The author found that DRAM cache bandwidth bloat is attributed to six diﬀerent cache operations: Hit Probe, Miss Probe, Miss Fill, Writeback Probe, Writeback Update, and Writeback Fill. And only the Hit Probe leads useful bandwidth to service the LLC miss request. So the author concentrated on 3 sources of bandwidth bloat:
- Bandwidth-Efficient Miss Fill. The author proposed a Bandwidth Aware Bypass (BAB) scheme that ties to free up the bandwidth consumed by Miss Fills while limiting the degradation in hit rate to a predetermined amount. It is inspired by the fact that not all inserted cache lines will be re-referenced again immediately, so we can bypass some of the Miss Fills without impacting hit rate significantly.
- Bandwidth-Efficient Writeback Probe. A Writeback Probe is wasteful if the line evicted from the on-chip LLC (dirty line) already exists in the DRAM cache. Since the DRAM cache are generally much larger than on-chip LLC, the writeback request is less likely to be missed in the DRAM cache. So a majority of Writeback Probes are useless. So the cache architecture need to guarantee whether a dirty cache line evicted from the on-chip LLC exists in DRAM cache.
- Bandwidth-Efficient Miss Probe. If the cache architecture can provide guarantees on whether a line is present in the DRAM cache, Miss Probe bandwidth bloat can be minimized. So the author did a survey on some previous work, like Alloy Cache and Loh-Hill. Their designs locate tag and data together in the same DRAM row buffer, and hence accessing one cache line also reads tags of other adjacent lines, making additional information available.
Finally, the author integrated these components together, and proposed BEAR. The experiments show that BEAR improved performance over the Alloy Cache by 10.1%, and reduced the bandwidth consumption of DRAM cache by 32%.
Tiered Memory System includes the following 2 components: 3D-DRAM with high bandwidth, and commodity-DRAM with high capacity. The previous works try to maximize the usage of 3D-DRAM bandwidth, but actually, the bandwidth of commodity-DRAM is the significant fraction of the overall system bandwidth. So they inefficiently utilized the total bandwidth of the tiered system.

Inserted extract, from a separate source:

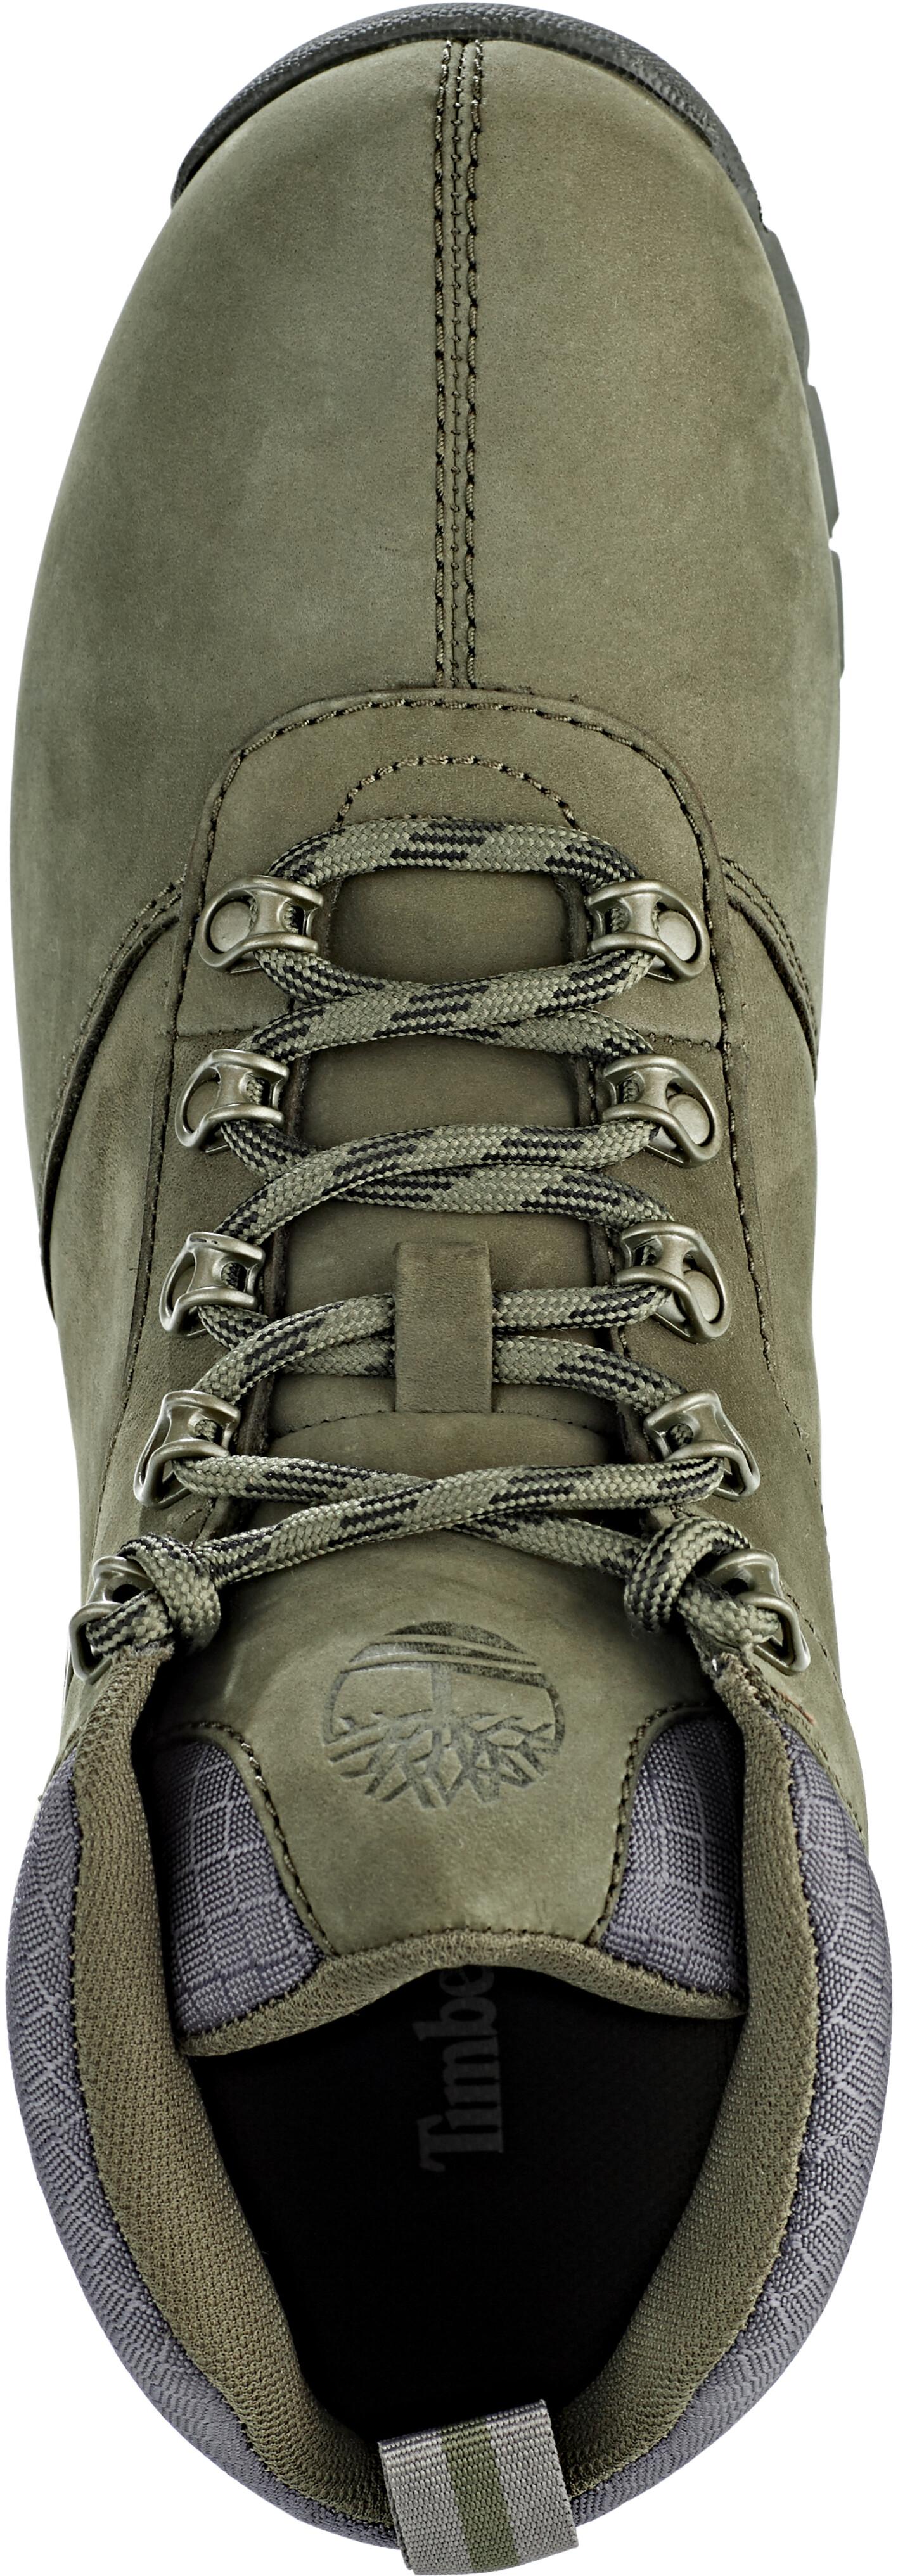 0df06909ff Timberland Splitrock 2 Hiker Shoes Men dark green nubuck at ...

For a tiered-memory system in which the Far Memory (DDR-based DRAM) accounts for a significant fraction of the overall bandwidth, distributing memory accesses to both memories has great ability to improve performance. In order to solve this issue, the author proposed Bandwidth-Aware Tiered-Memory Management (BATMAN), a runtime mechanism that manages the memory accesses distribution in proportion to the bandwidth ratio of the Near Memory and the Far Memory. It could explicitly control the data management. The main idea of BATMAN is that when 3D-DRAM memory access is greater than a threshold, it will move data from 3D-DRAM to commodity-DRAM.
The evaluation shows that BATMAN could improve performance by 10% and energy-delay product by 13%. Also, it incurs only an eight-byte hardware overhead and requires negligible software modification.